Упавший на землю Захар озлобленно посмотрел на Салтыкова. Понимая, что тот не шутит, сдержался и промолчал. Народоборцы и крестьяне связали Захара, отпуская при этом оскорбительные комментарии в его сторону, запугивая.

— С такими как ты наш командир не церемонится. Последних из ваших мы четвертовали прямо на площади в губернском городе, — хвастался один.

— А вопили-то они как, — смакуя подробности, вспоминал второй. — Будто резанные. Во всём сознались, вину за все преступления на себя взяли. С тобой будет точь-в-точь. Сначала отпираться станешь, а уж потом заголосишь.

Плохо они знали Захара, если надеялись запугать такими разговорами: шрамы на его лице остались не от взрыва гранаты или снаряда, а от ножа народоборца. Захар тогда попал в плен во время разведки боем. В отличие от остальных держался стойко, чем только разозлил врагов.

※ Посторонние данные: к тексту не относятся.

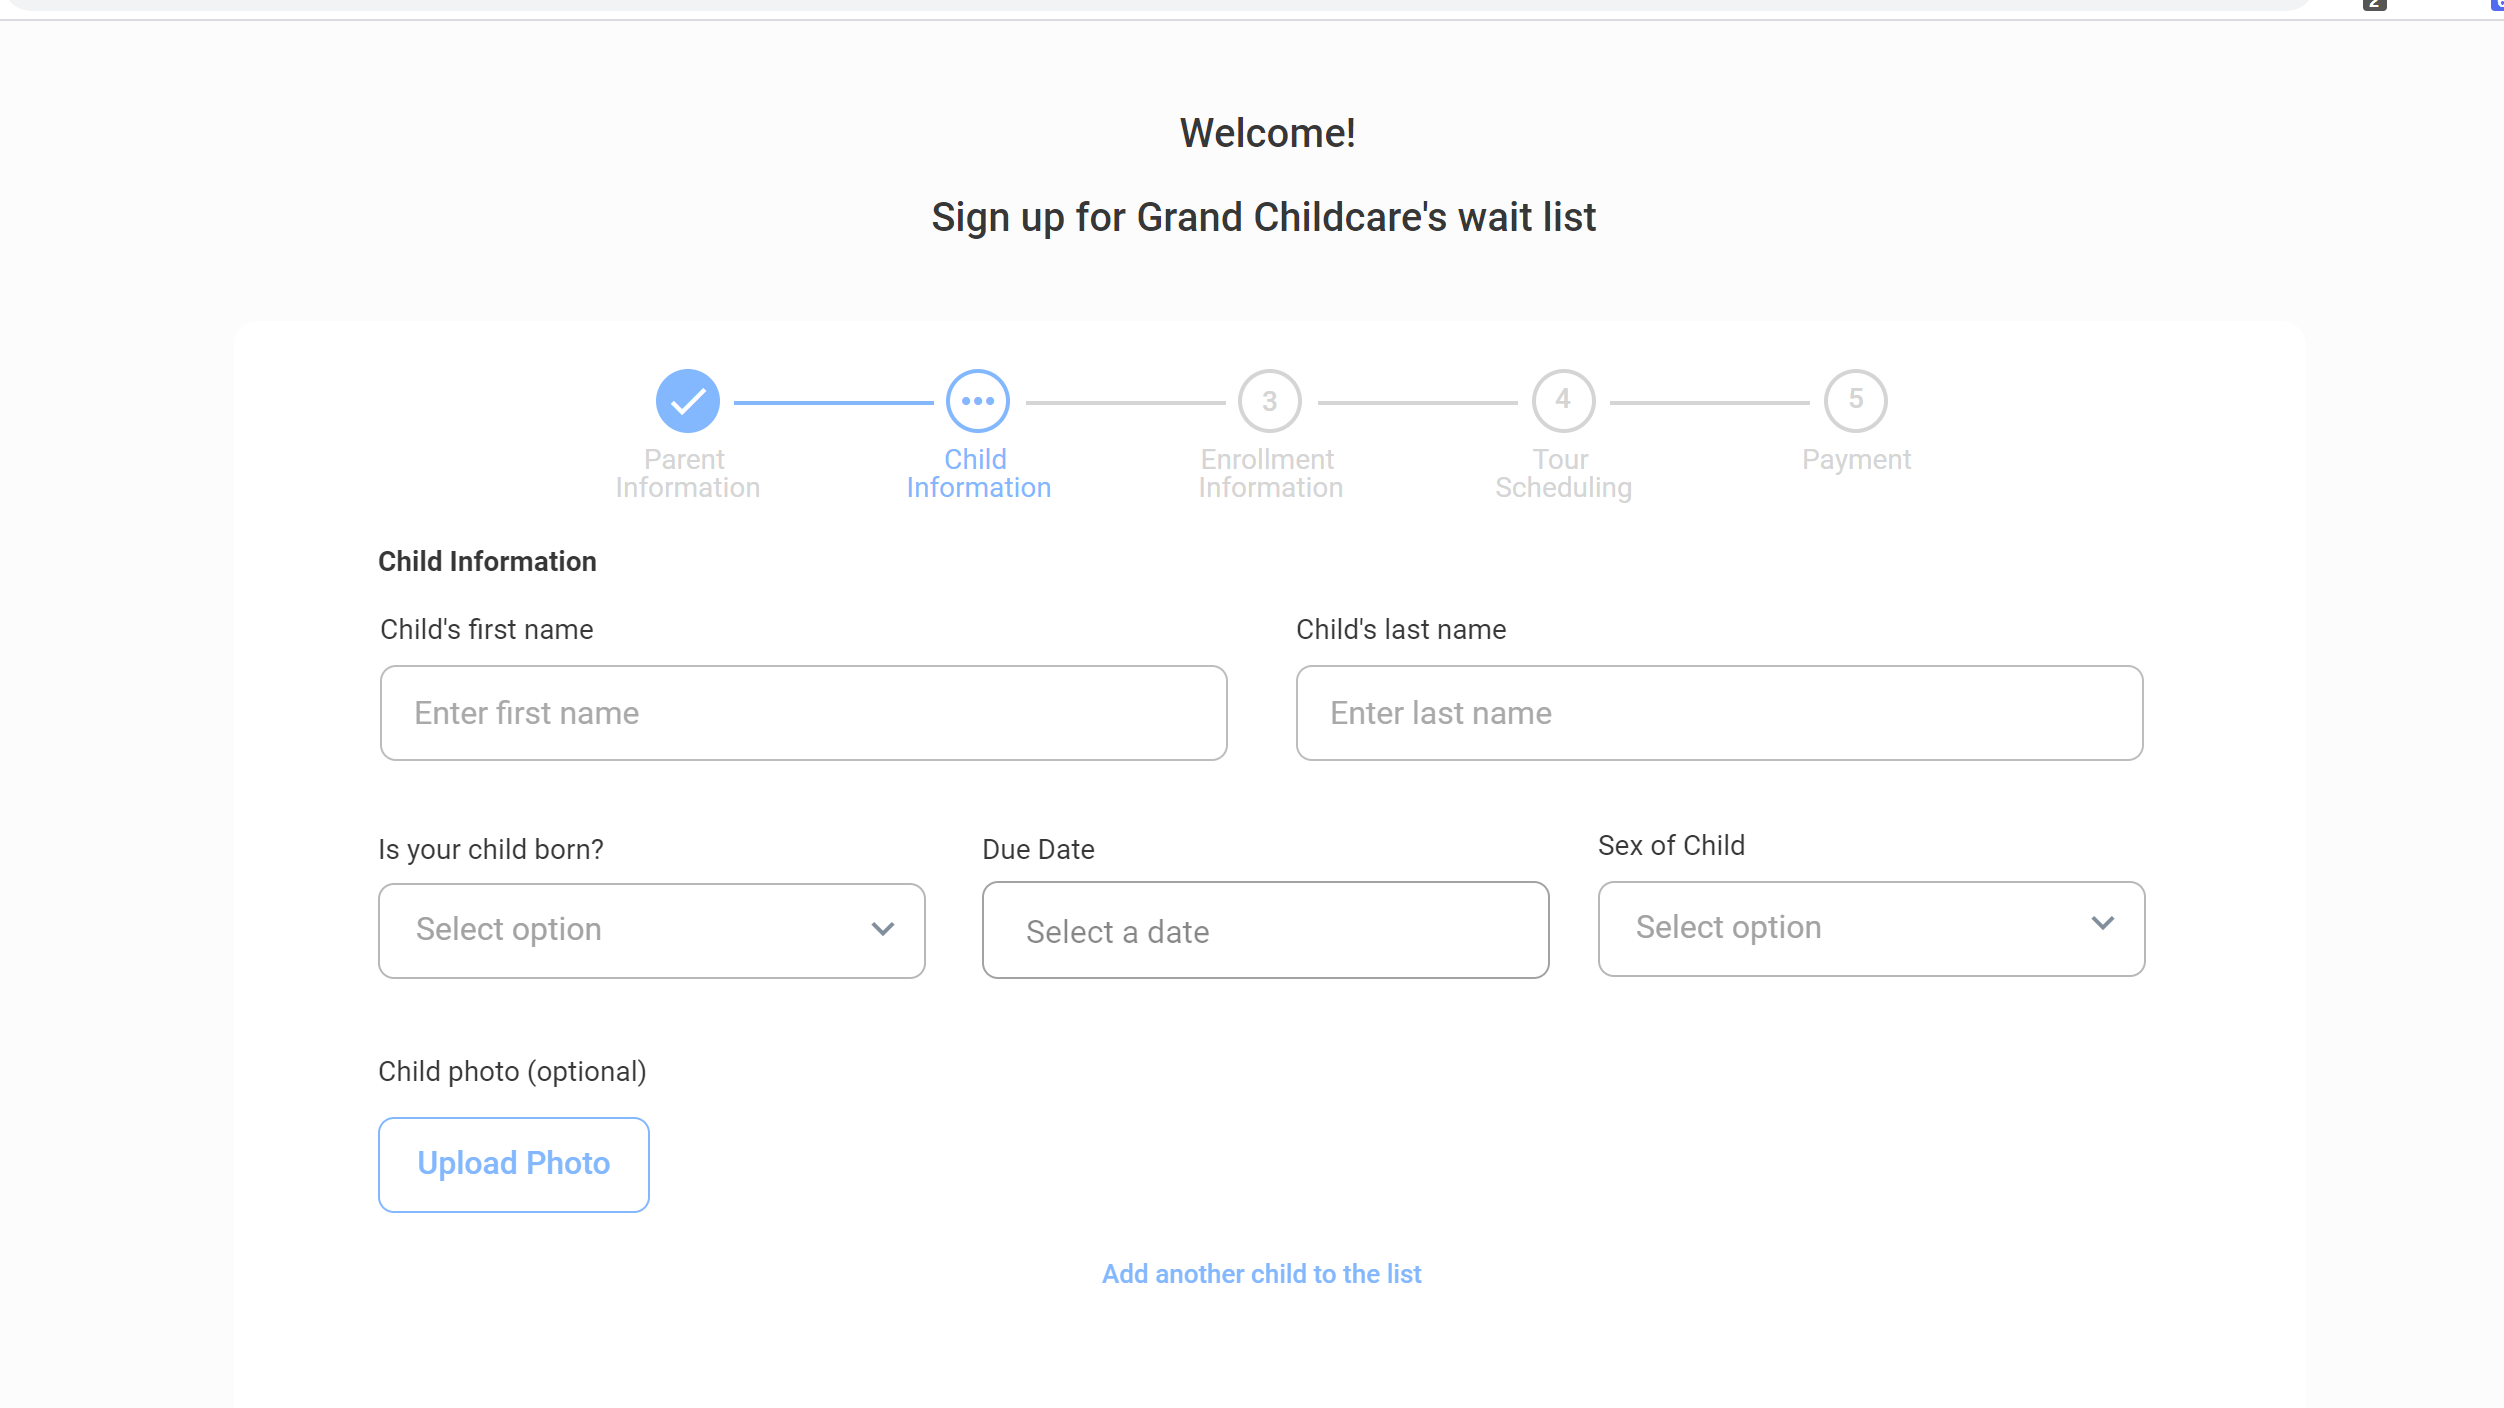 Parents sign-up for your wait list online and can easily make a payment

Решили показательно его казнить, перед этим подвергнуть пытке. Но когда командованию Народной Армии стало известно о разгроме разведотряда, они послали на выручку роту, возглавляемую бывшим царским гвардейцем Оболенским Кириллом Ивановичем. Нарармейцы действовали дерзко, ворвавшись прямо в стан врага и устроив погром. Внезапность и напор, а также фантастическое мастерство Оболенского в обращении с мечом и пистолетом ошеломили народоборцев, пленных удалось отбить, а после ретироваться, понеся минимальные потери. И не смотря на то, что Захар был знаком с Кириллом Ивановичем задолго до того, как комиссар спас Захара, они подружились и привязались друг к другу именно тогда.

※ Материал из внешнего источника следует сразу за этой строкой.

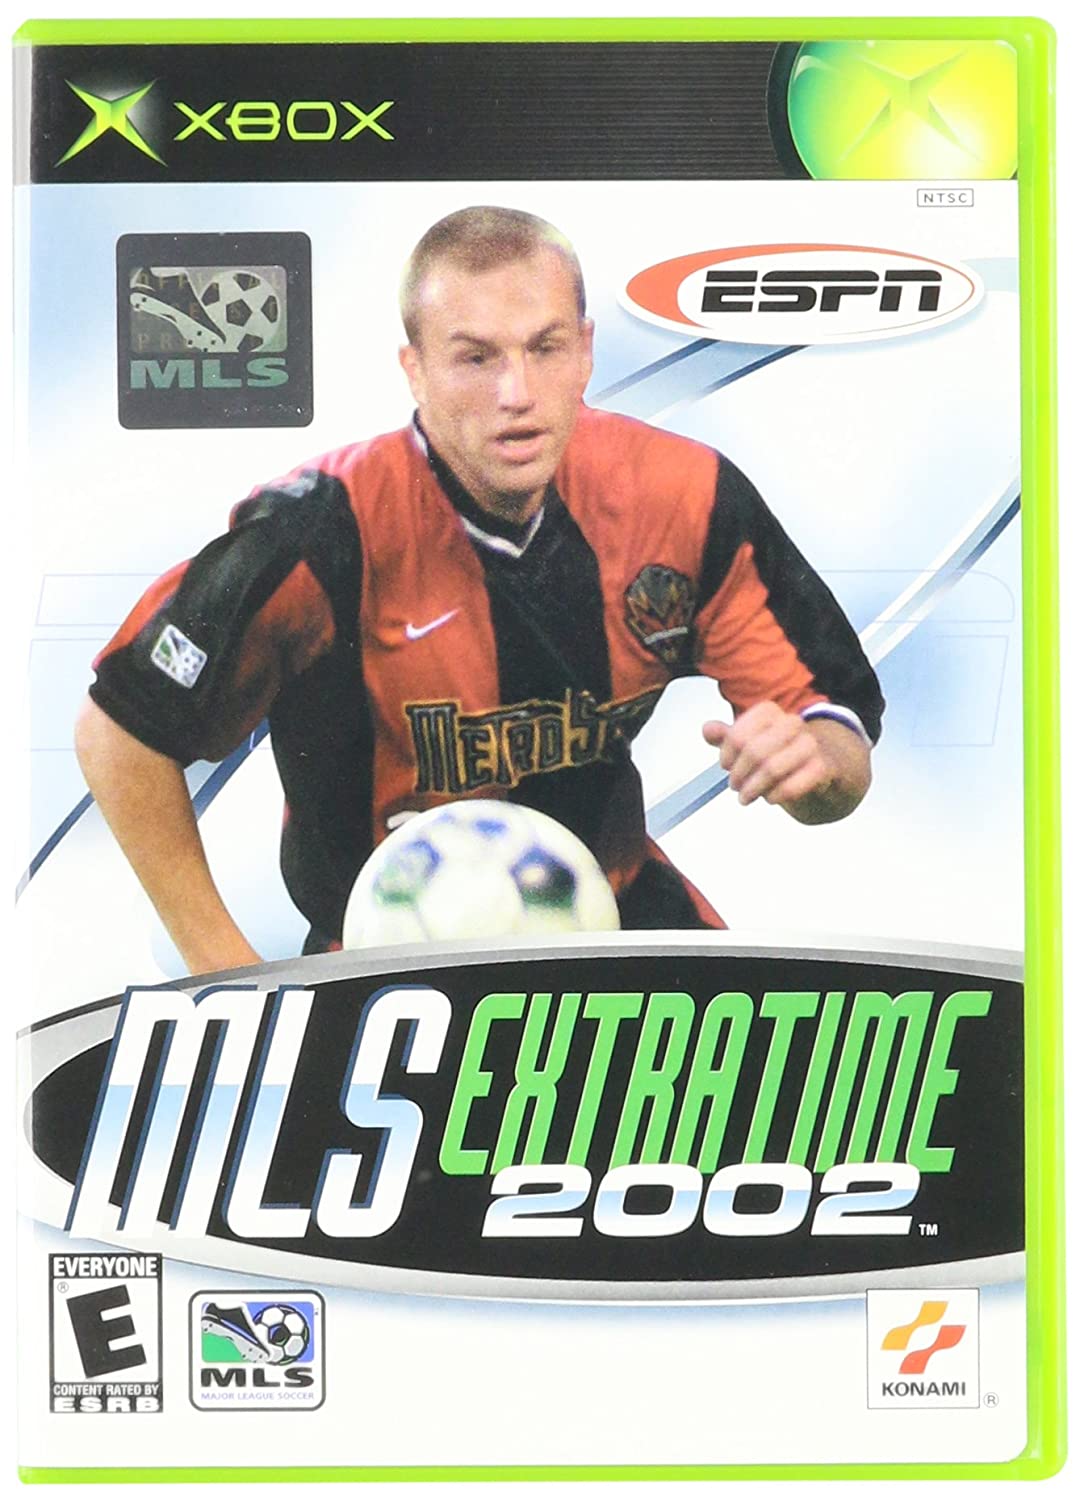 ESPN MLS ExtraTime 2002 player count stats

Поэтому нынешние попытки народоборцев напустить на него страха могли только позабавить Захара — он умел ценить дружбу и никогда не предаст Оболенского, чем бы это ему не грозило.

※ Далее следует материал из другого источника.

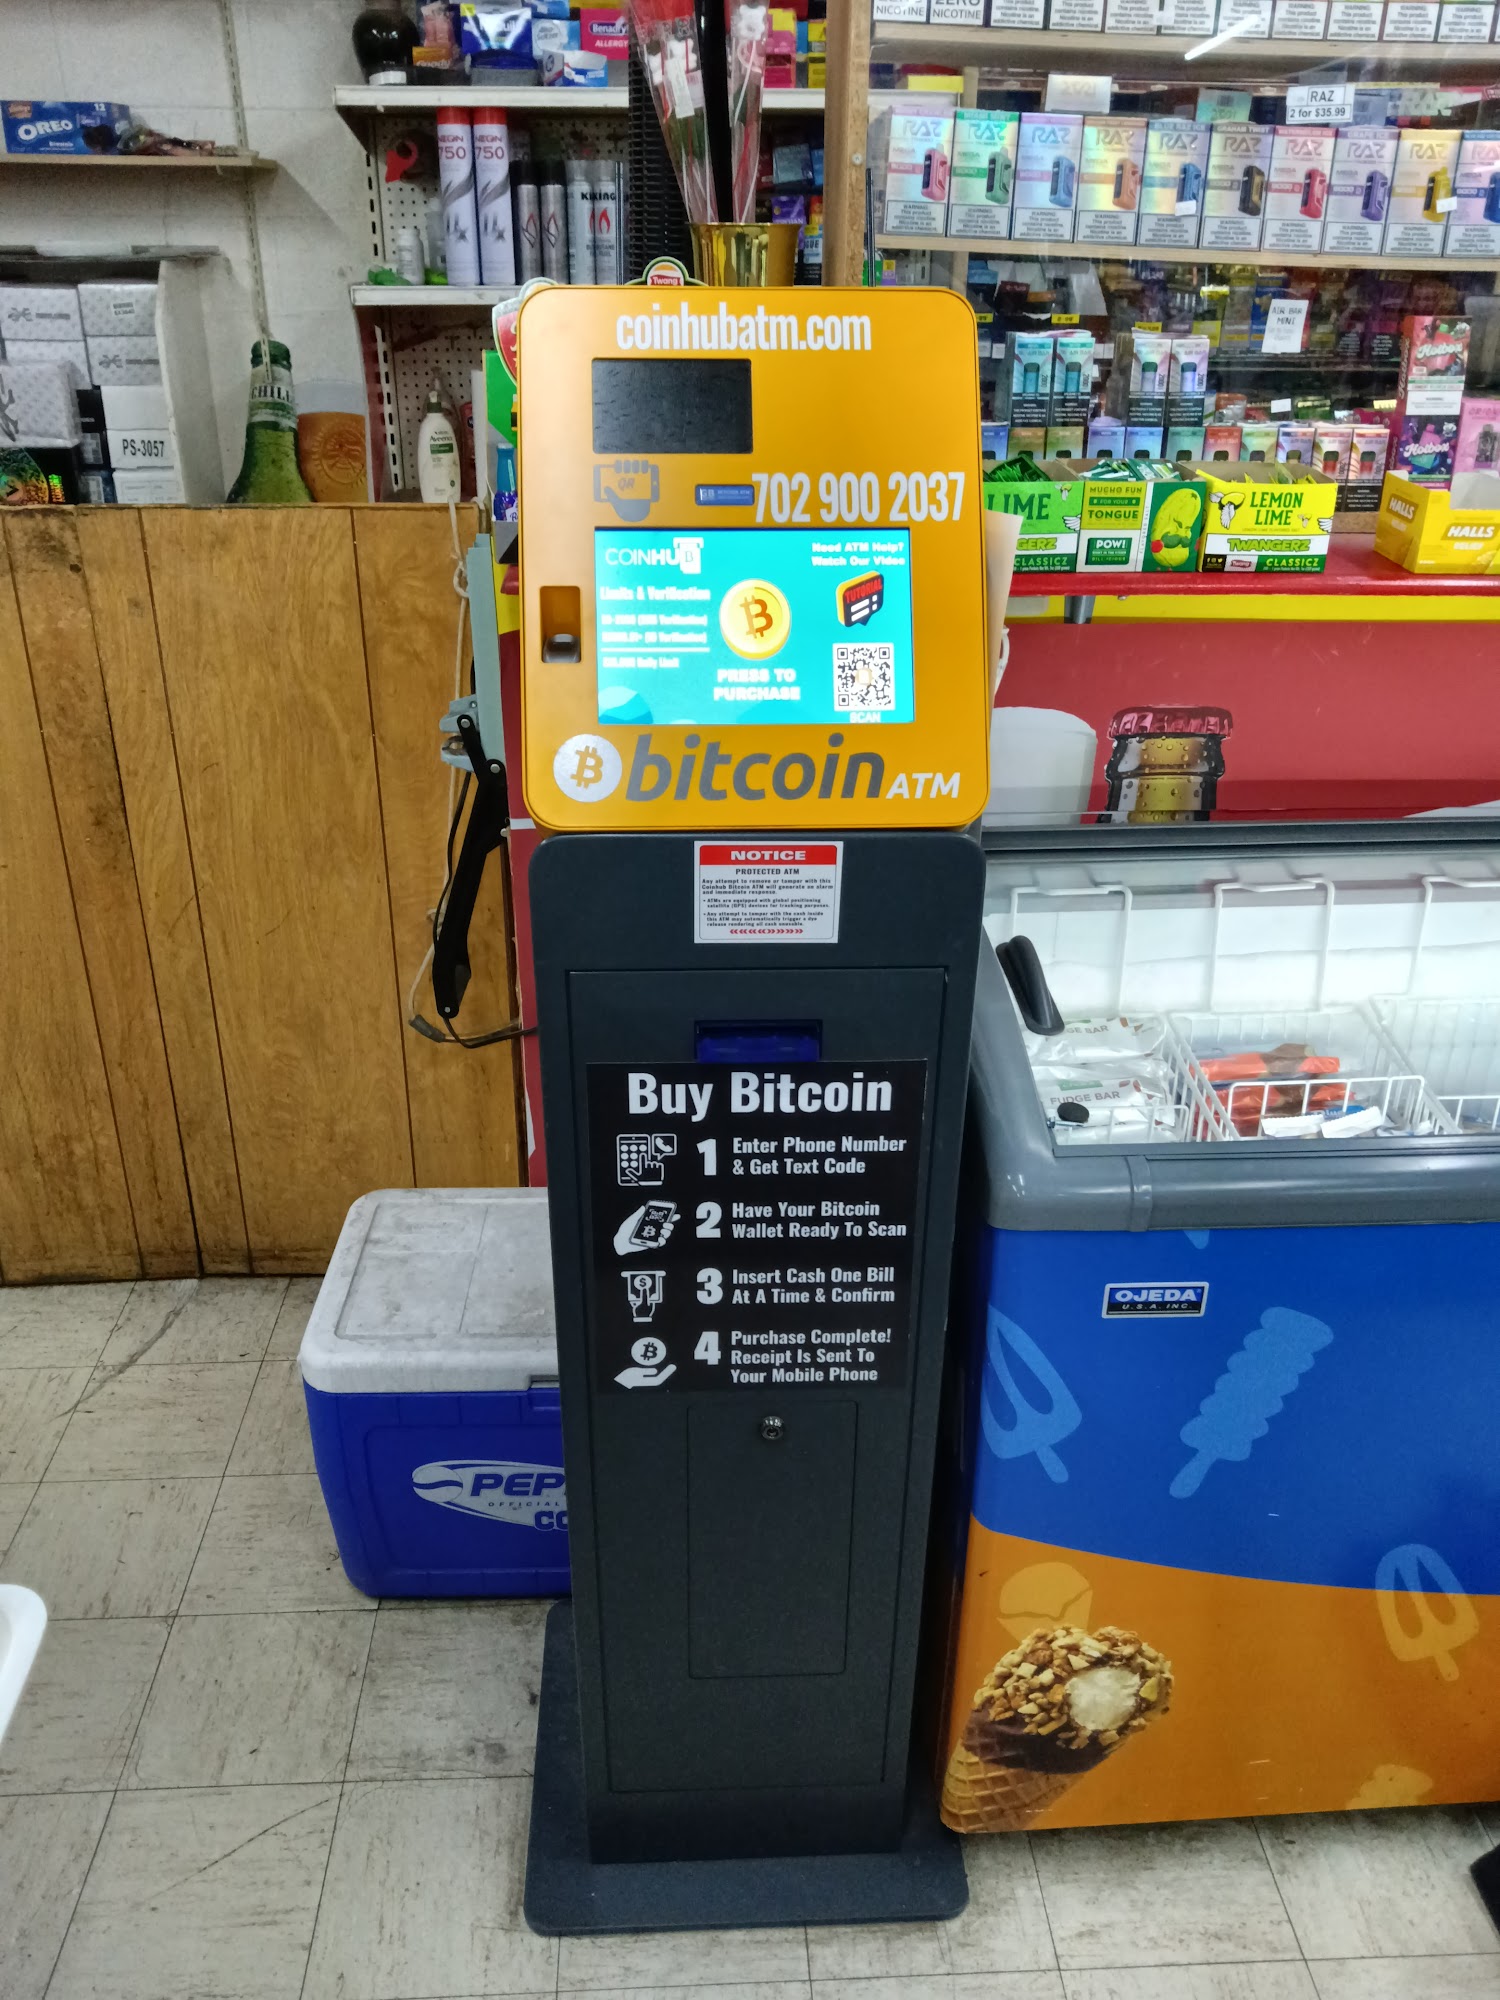 Bitcoin ATM Midwest City - Coinhub

Спустя какое-то время вернулся Салтыков.

— Ну что, Захар, с твоим товарищем я договорился, попробую и с тобой, хоть заранее знаю, что не получится. Усадите его, — приказал он солдатам. Те подхватили связанного по рукам и ногам Захара, отнесли к ближайшему дереву, разместили так, чтобы спина упиралась в ствол и его положение напоминало сидячее. — Ты понимаешь, что сегодня твоя жизнь оборвется, и умереть тебе суждено, сражаясь на стороне злодеев? Поди сюда, Никита Алексеевич. Расскажи товарищу, как нарармейцы здесь лиходеили, когда нас гнали к портам.

— Хотели сжечь всё село, убивали и насиловали. Даже детей не жалели. Был с ними и комиссар, так он как пьяным напивался среди ночи, ко мне в дом врывался, выгонял на улицу в одних портках, а сам буйствовать начинал, грозился, что всю деревню заживо похоронит, если не будем законную власть поддерживать. Послабление пришло, только когда окаянных на западный фронт отправили.

— Ты меня упрекнул, — продолжил Салтыков, когда убедился, что голова закончил, — в нарушении данного слова. Что же, правда за тобой. Я соврал, когда пообещал не воевать с вами. Но так ложь моя была вынужденной — вы начали грабить и убивать, все ваши обещания оказались только пустым звуком. Смертную казнь вроде как запретили, а потом снова ввели. Что же прикажешь, ждать, пока меня убьют? Мы так, брат, не договаривались. Поэтому не вижу ничего постыдного в том, что слово своё нарушил. Вот почему ты продолжаешь драться за народников, я не знаю. Вам обещали мир, вместо этого развязали братоубийственную войну, вам обещали зерно, вместо этого начался голод, вам обещали землю, вместо этого ограбили. Так почему ты на стороне защитников простого люда на словах, а на деле убийц, насильников и грабителей?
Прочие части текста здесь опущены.